– Полю рисовала, Мариш. В погребальном одеянии.

Я вытащила сигарету и снова закурила. Алинка поморщилась, пересела на ковер к сестре, погладила ее по голове. Каролина, не поднимая глаз, продолжала наносить тень на мое изображение.

– А что с шахматным столиком? – нарочито бодро и деловито уточнила Алина. – Каролина говорит, она точно такой же видела в музее. Давай сходим, а, Мариш? Вдруг что-то найдем? Покажем Василине…

– Закрыт ведь уже, – попыталась отбиться я. – Завтра, девочки.

– Для нас откроют, – уперто возразила Алина. – И даже отпрашиваться ни у кого не надо, это ведь территория дворцового комплекса. Охранников возьмем, и все.

– Ну пойдем, – заканючила Каролина. – Я туда часто хожу по вечерам, рисую, сторож уже привык. Все равно тебя завтра днем не будет, а без тебя не так интересно.

Гавкнул Бобби, глядя на меня с надеждой. С ним уже гуляли, но когда это для пса прогулка будет лишней? И я со вздохом поднялась.

– Идите, одевайтесь. Тащите вашу старушку-сестру на мороз.

Через несколько минут мы выскользнули из дверей Семейного крыла в парк. Алина, как ледокол, целеустремленно топала вперед, оставив нас позади, следом шагала охрана, вокруг, по заснеженному парку, между украшенных фонариками деревьев, носились Бобби и водяной дух. Тер-сели мухлевал: подпускал моего пса близко, быстро-быстро сыпал задними лапами ему в морду снег и уносился с победным лаем.

Собак мы оставили на улице под присмотром одного из охранников. Сторож музея, пожилой мужчина с интеллигентным лицом, отложил «Культурный вестник», встал, поклонился. Выслушал нашу просьбу, открыл зал и включил свет.

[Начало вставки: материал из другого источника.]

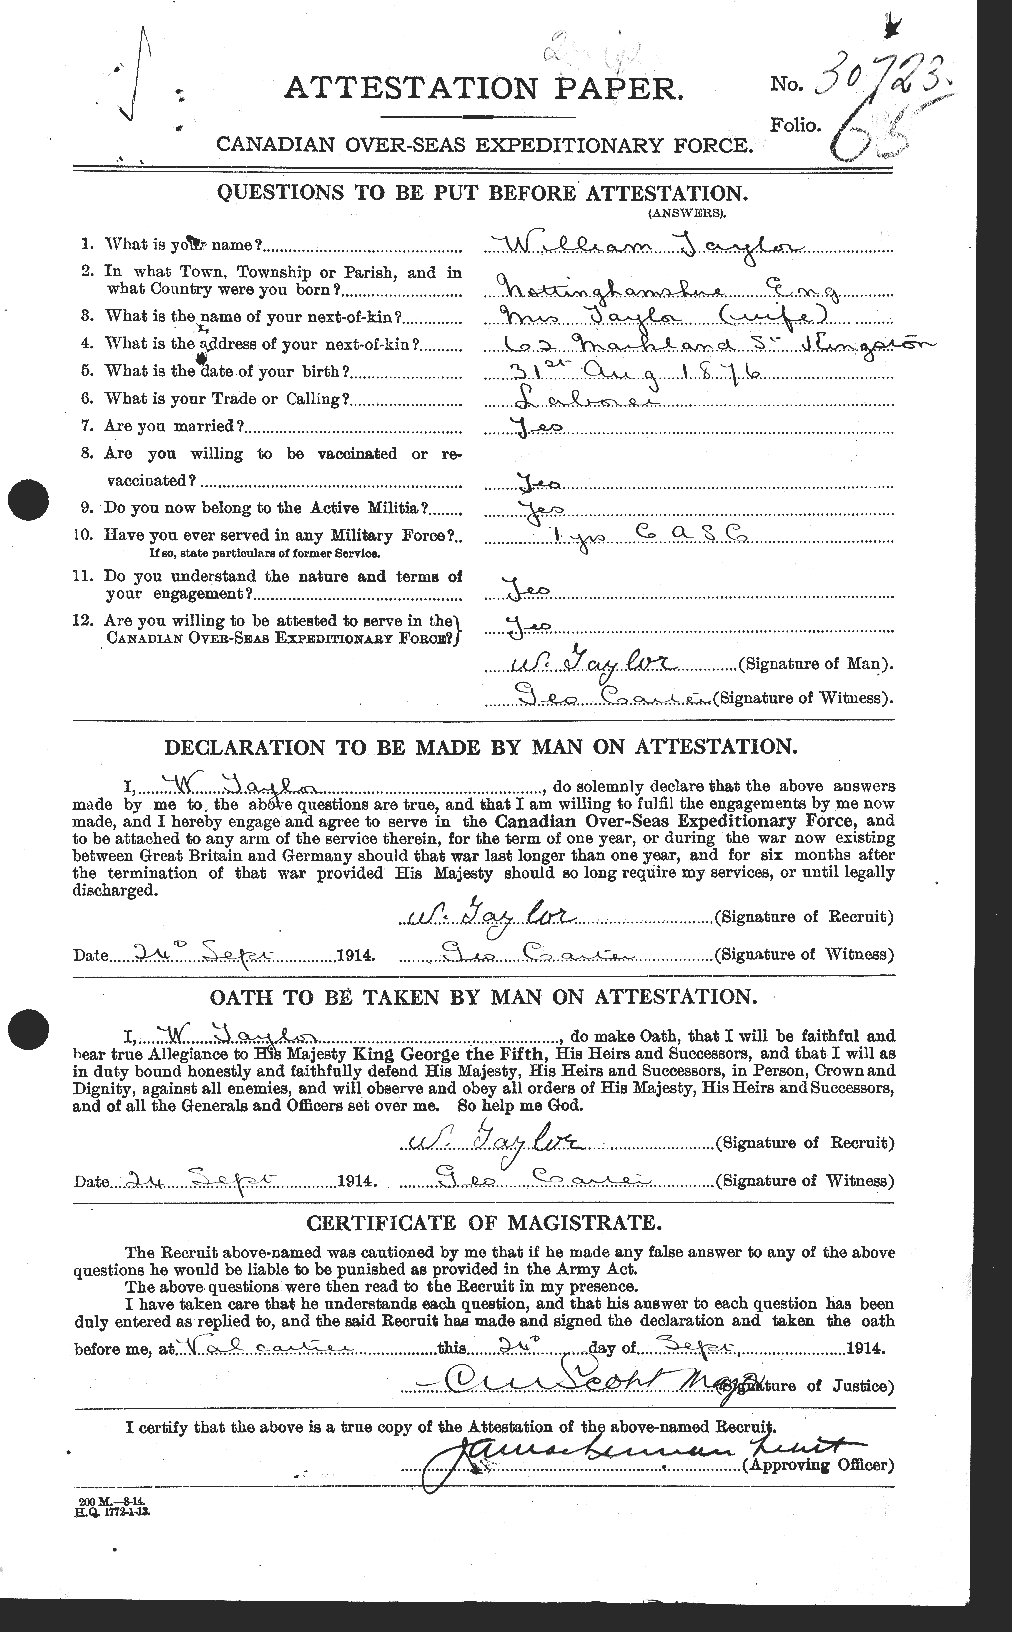 Personnel Records of the First World War - CEF 628107a

Музей был гулок и пуст. Многочисленные вещи нашей семьи, изображения предков, статуи. Тревожно было здесь, будто за нами следили. Будто мы пришли во время, принадлежащее духам прошлого.

– Вот, – прошептала Алинка, – вот он!

Шахматный столик стоял в экспозиции, посвященной Седрику Победоносцу. Алинка шагнула за ограждение, присела.

– Кариш, иди сюда! Покажи, что там у тебя нарисовано!

Сестры склонились над рисунком, зашушукались. Начали жать на деревянную резьбу по периметру столика.

– Не сломайте от большого усердия, – попросила я, любуясь ими. Сестренки синхронно оглянулись, укоризненно уставились на меня, и Алина упрямо нажала на очередные завитки. Столик как-то очень обыденно щелкнул и раскрылся. Наша студентка взвизгнула, потянулась к лежащим в нем свиткам.

– Стой! – шикнула Каролина возмущенно. – Ты что, не знаешь, что они могут рассыпаться от прикосновения? Здесь нужны реставраторы! Или те, кто сможет их стазисом накрыть!

– Но ведь оставлять так тоже нельзя, – Алинка едва не подпрыгивала от любопытства. – А вдруг кто украдет? А если прочитают? Там же наше, семейное! Мариш! – Я уже стояла рядом, всматриваясь в бледные строчки на свитках. Подтверждение того, что Ангелине показали в Колодце. Не самые славные страницы нашей истории. – Позвони Зигфриду, а?

Бедный, бедный Зигфрид.

Можно было бы позвать Мартина. Но за привлечение постороннего меня по голове не погладят. А еще я так и не нашла в себе сил встретиться с ним лично. Мы созванивались, болтали, смеялись, договорились встретиться на выходных – и все это время я чувствовала себя предательницей и лгуньей. Как будто я ему изменила. И про Люка никак не могла сказать.

Так что лучше Зигфрид.

Придворный маг появился через три минуты, почему-то в официальной одежде, с трагичными глазами. Посмотрел на меня как на палача, выслушал просьбу сестер, вздохнул и сделал, что просили.

– А пакетика у вас нет? – с надеждой спросила Алинка.